Answer: we use $$\alpha=0.05$$ and $$\hat{P}=0.52$$. The approximate $$95$$% C.I. for $$A$$ is thus $0.52\pm 1.96\sqrt{\frac{0.52\cdot 0.48}{1000}} \approx 0.52\pm 0.031,$ while the one for $$B$$ is $$0.48 \pm 0.031$$.

2. On the strength of this polling result, a newspaper prints the following headline: “Candidate $$A$$ Leads Candidate $$B$$!” Is the headline warranted?

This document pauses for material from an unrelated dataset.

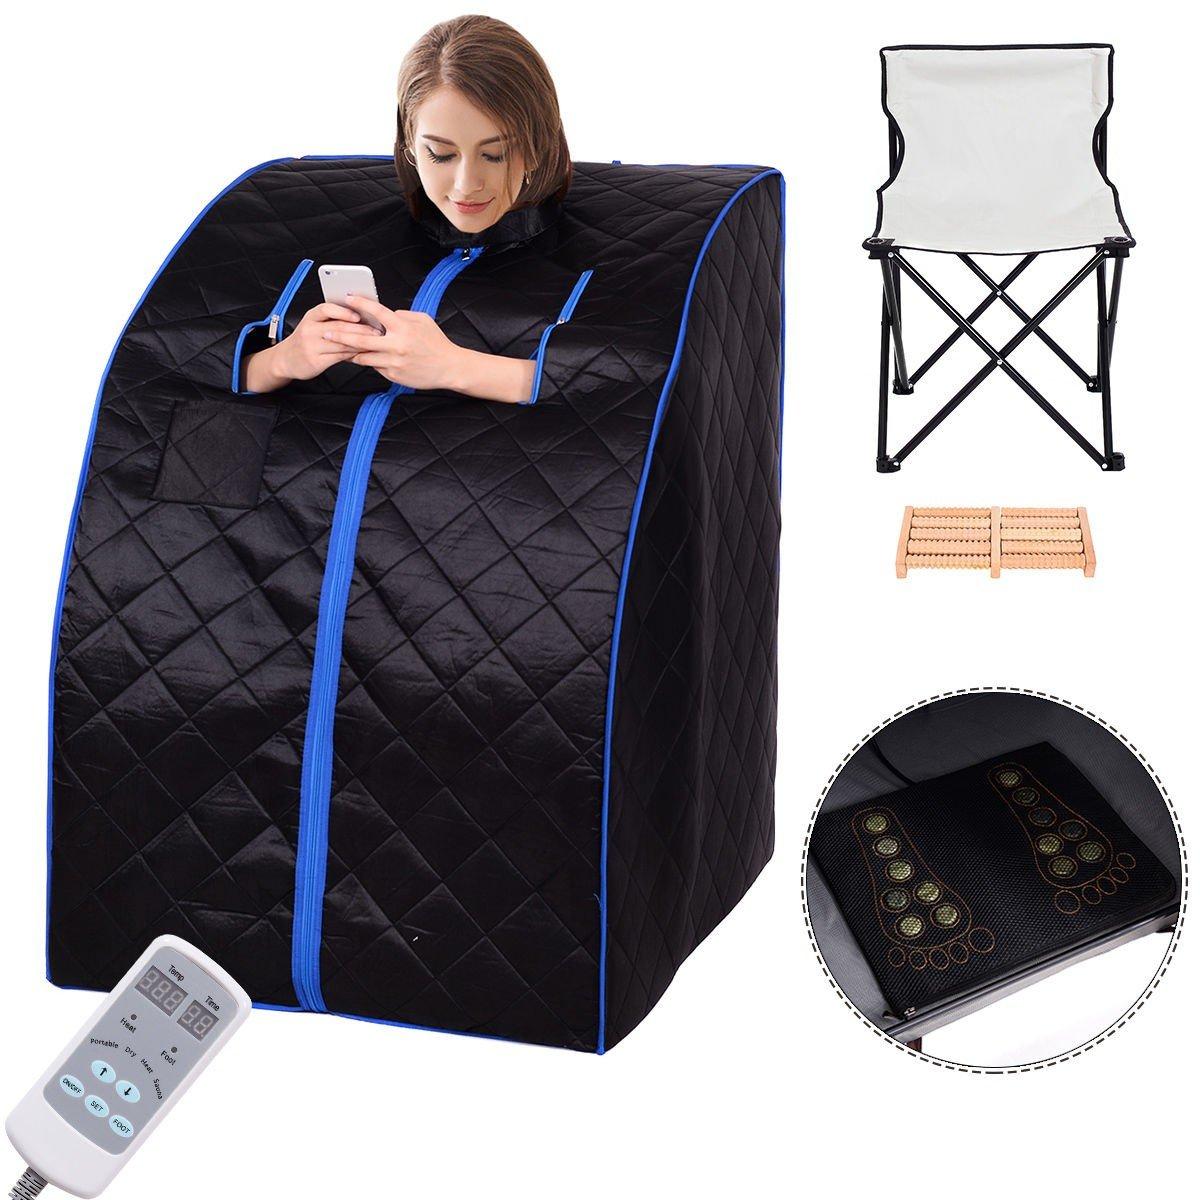 ポータブル遠赤外線サウナwith椅子 – by Choice製品  ブラック B074H9CLZ6

Answer: although there is a $$4-$$point gap in the poll numbers, the true support for candidate $$A$$ is in the $$48.9\%-55.1$$% range, and, the true support for candidate $$B$$ is in the $$44.9\%-51.1$$% range, with probability $$95$$% (that is to say, $$19$$ times out of $$20$$).

Since there is overlap in the confidence intervals, the race is more likely to be a dead heat.

### References

[32]
R. V. Hogg and E. A. Tanis, Probability and Statistical Inference, 7th ed. Pearson/Prentice Hall, 2006.